Radiation therapy for liver cancer

This page was reviewed under our medical and editorial policy by

Maurie Markman, MD, President, Medicine & Science

This page was updated on May 20, 2022.

Radiation treatment for liver cancer requires accuracy and precision. With advanced radiation therapy delivery systems, our radiation oncologists are better able to target difficult-to-reach tumors in the liver. Also, our radiation oncologists can direct higher radiation doses at liver cancer cells, while reducing exposure to normal, healthy tissue. Examples of radiation therapies used to treat liver cancer include:

Calypso® 4D Localization System™ may allow a radiation therapist to better target the liver while sparing surrounding tissue from damage. The liver may move during radiation treatment because of breathing and normal movement in the intestines. Typically, radiation oncologists expand the treatment area to ensure the moving target is irradiated. In the process, healthy tissue in or near the liver may be affected, leading to a high risk of liver damage, stomach ulcer or other side effects.

The Calypso system is designed to show the position of the patient’s tumor 25 times a second, and automatically shut the beam off in the event of a cough, sneeze, stomach bubble or other internal change of position that moves the tumor out of the X-ray beam. By targeting cancer cells and avoiding nearby healthy tissues, Calypso helps spare the bladder, colon and other critical structures.

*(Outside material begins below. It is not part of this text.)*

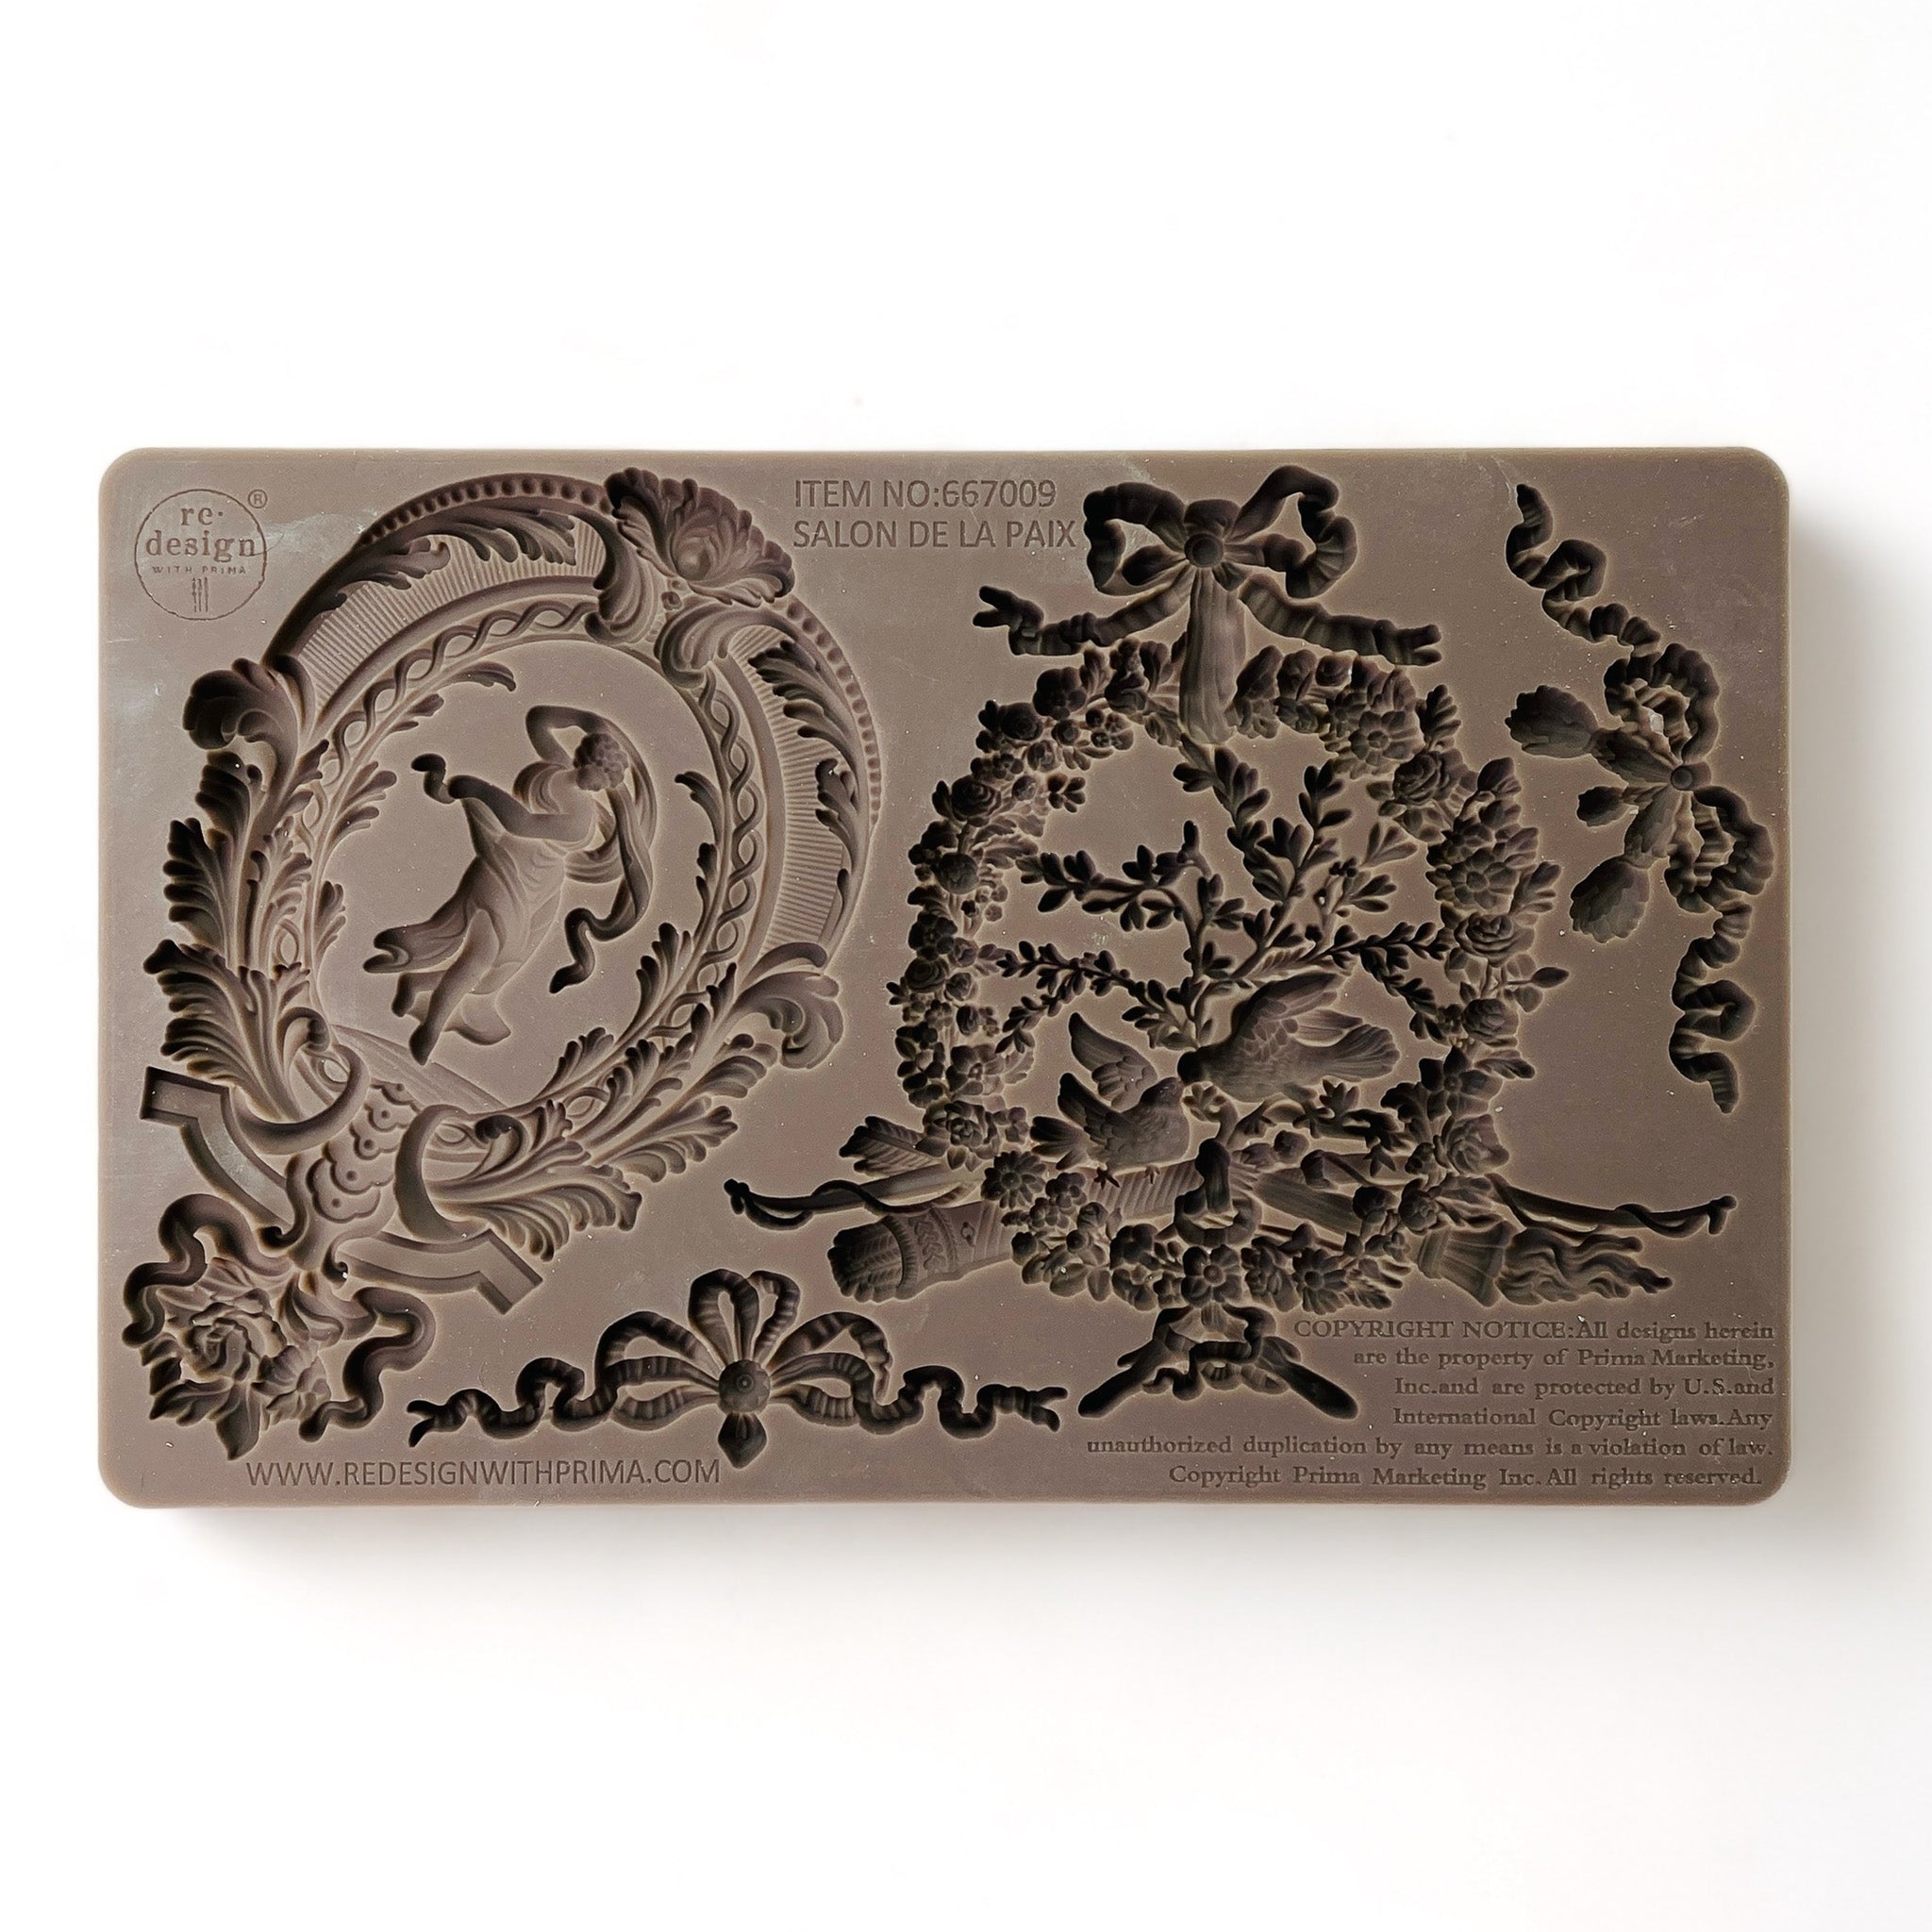 A brown silicone mold that features 2 bows, an ornate oval medallion and an ornate wreath is against a white background.

Common side effects of liver cancer radiation therapy, such as risk of liver damage, may be reduced using Calypso technology.

TomoTherapy® may offer the following advantage for liver cancer patients:

  • It uses built-in CT scanning to confirm the exact shape and location of a liver tumor seconds before treatment begins.
  • It is designed to target hard-to-reach liver tumors by sculpting small, powerful and precise radiation beams at the tumors from a full 360 degrees.
  • It may lessen treatment-related side effects by reducing damage to nearby healthy tissue.
  • It may avoid radiation exposure to muscle tissue, the spine, lungs and other sensitive organs.

CyberKnife® robotic radiosurgery for liver cancer allows doctors to confirm the location of the liver tumor and continually track its movement, in real time, so they are better able to more precisely deliver radiation without damaging healthy surrounding tissue.

Also, unlike standard radiation therapy that divides the total radiation dose into smaller doses over numerous sessions, CyberKnife allows a therapist to destroy tumors with high radiation doses in four to five sessions, depending on the location of the tumor and other factors.

External beam radiation therapy (EBRT) delivers high-energy radiation to tumors using a special X-ray machine called a linear accelerator. This machine allows radiation to be delivered from any angle and shapes radiation beams to the contour of the tumor. EBRT is an outpatient procedure. The procedure itself is painless and poses no risk of radioactivity to you or others with whom you have contact. As you undergo EBRT, you may continue normal activities with family and friends.

Intensity modulated radiation therapy (IMRT) uses software to plan a precise dose of radiation, based on tumor size, shape and location. Compared to standard radiotherapy, IMRT allows a radiation oncologist to use higher radiation doses than traditional therapies would allow in these areas. At the same time, IMRT helps to spare more of the surrounding healthy liver tissue from harmful doses of radiation.

TrueBeam™ allows our radiation oncologists to deliver concentrated doses of radiation to liver tumors with increased accuracy. The technology's real-time imaging enables us to monitor liver tumor motion during treatment, provide targeted radiation therapy and avoid damage to surrounding healthy tissues. In addition, TrueBeam administers treatment significantly faster than some other systems, reducing the time spent receiving radiation therapy in a treatment room.